Hope to see more pictures soon.


----------



## Muddy Paws (Aug 24, 2008)

I know it's kinda soon for an update..but something strange is happening to my buds :hubba:


----------



## godspeedsuckah (Aug 24, 2008)

AAAAHHHHHHPPPPPPPPFFFFFFFTTTTTTTDDDDDDRRRRLLLLLLLLLPPPFFFFTTTTT. Sorry Muddy, I didn't mean to drool all over your pics!!


----------



## Muddy Paws (Aug 24, 2008)

godspeedsuckah said:
			
		

> AAAAHHHHHHPPPPPPPPFFFFFFFTTTTTTTDDDDDDRRRRLLLLLLLLLPPPFFFFTTTTT. Sorry Muddy, I didn't mean to drool all over your pics!!



 DROOoooool away, my friend...lol

 I don't know for sure, but I drool on em all the time and they seem to enjoy it..lol  :smoke1:


----------



## godspeedsuckah (Aug 24, 2008)

LOL, I can clearly see perfection in the making.

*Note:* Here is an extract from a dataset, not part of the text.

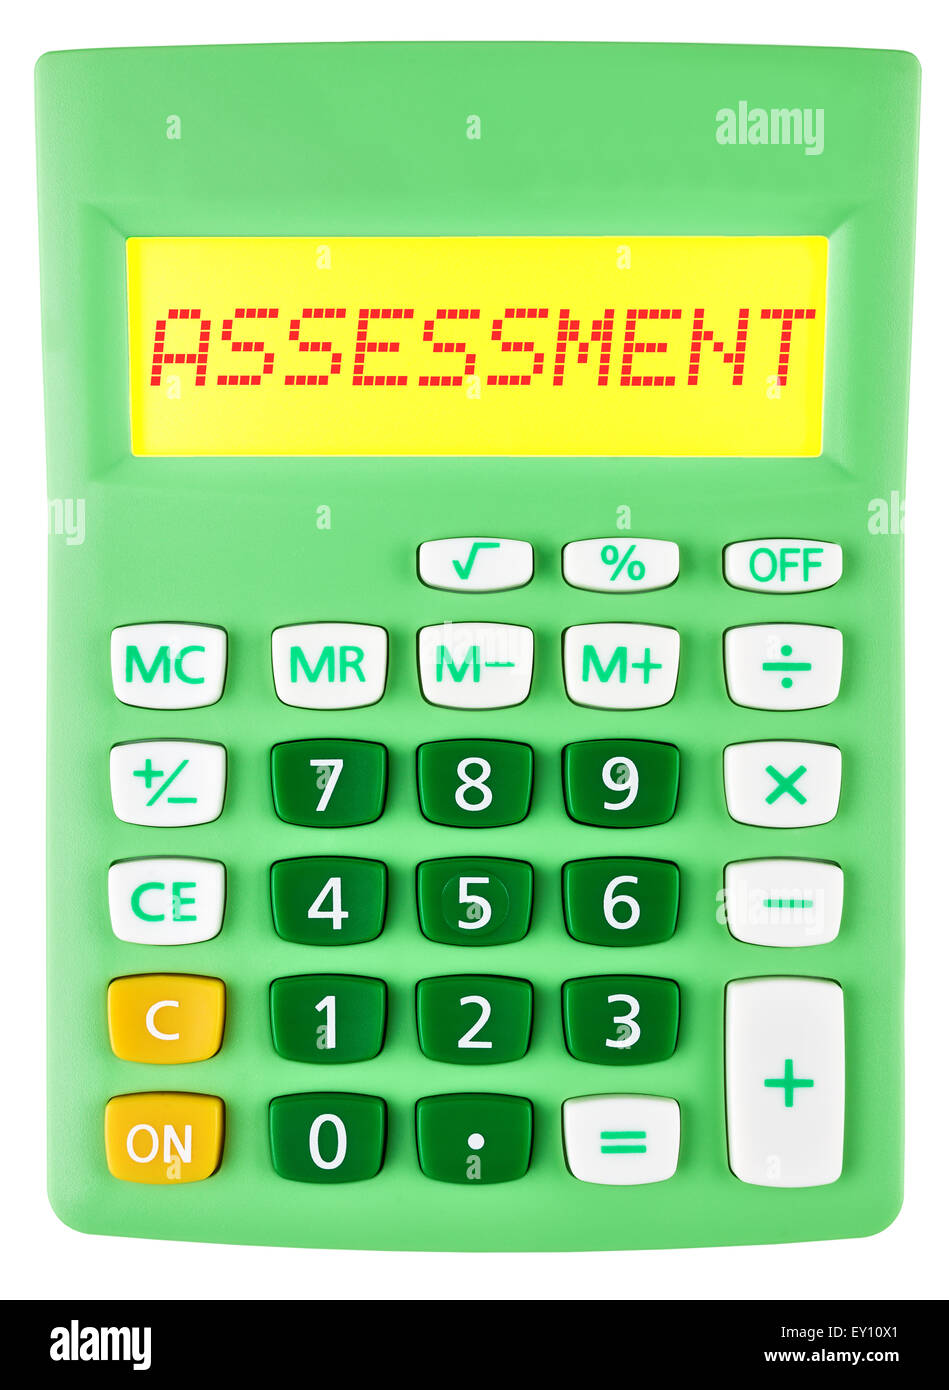 Calculatrice avec affichage sur l'évaluation Banque D'Images

How many more weeks?


----------



## Muddy Paws (Aug 24, 2008)

I should only have about 2 weeks of flowering left til harvest, Godspeed 

 Here are my Bubblicious and GWS, the GWS is a monster, the colas are each about 12 inches long and had to be tied up cause they're getting too heavy. Things are tough all over


----------



## KGB30 (Aug 24, 2008)

They are monsters.lol


----------



## bombbudpuffa (Aug 24, 2008)

Those females look delicious. Is that Great White Shark? Nice one Muddy.


----------



## Exarmy (Aug 24, 2008)

ohhhh man do those look good. But im second guessing how many plants I have. If mine turn out near as big as yours Ill only be able to fit 4! Good work bro! How long did you veg them for?


----------



## Muddy Paws (Aug 24, 2008)

Exarmy said:
			
		

> ohhhh man do those look good. But im second guessing how many plants I have. If mine turn out near as big as yours Ill only be able to fit 4! Good work bro! How long did you veg them for?




 Thanks Bro!
 I vegged them for about three weeks from seed..as soon as they hit the 5th or 6th node, I top them, move them to their final pots, feed em Superthrive and put them into 12/12.

 They usually stay under 36" and branch out just fine.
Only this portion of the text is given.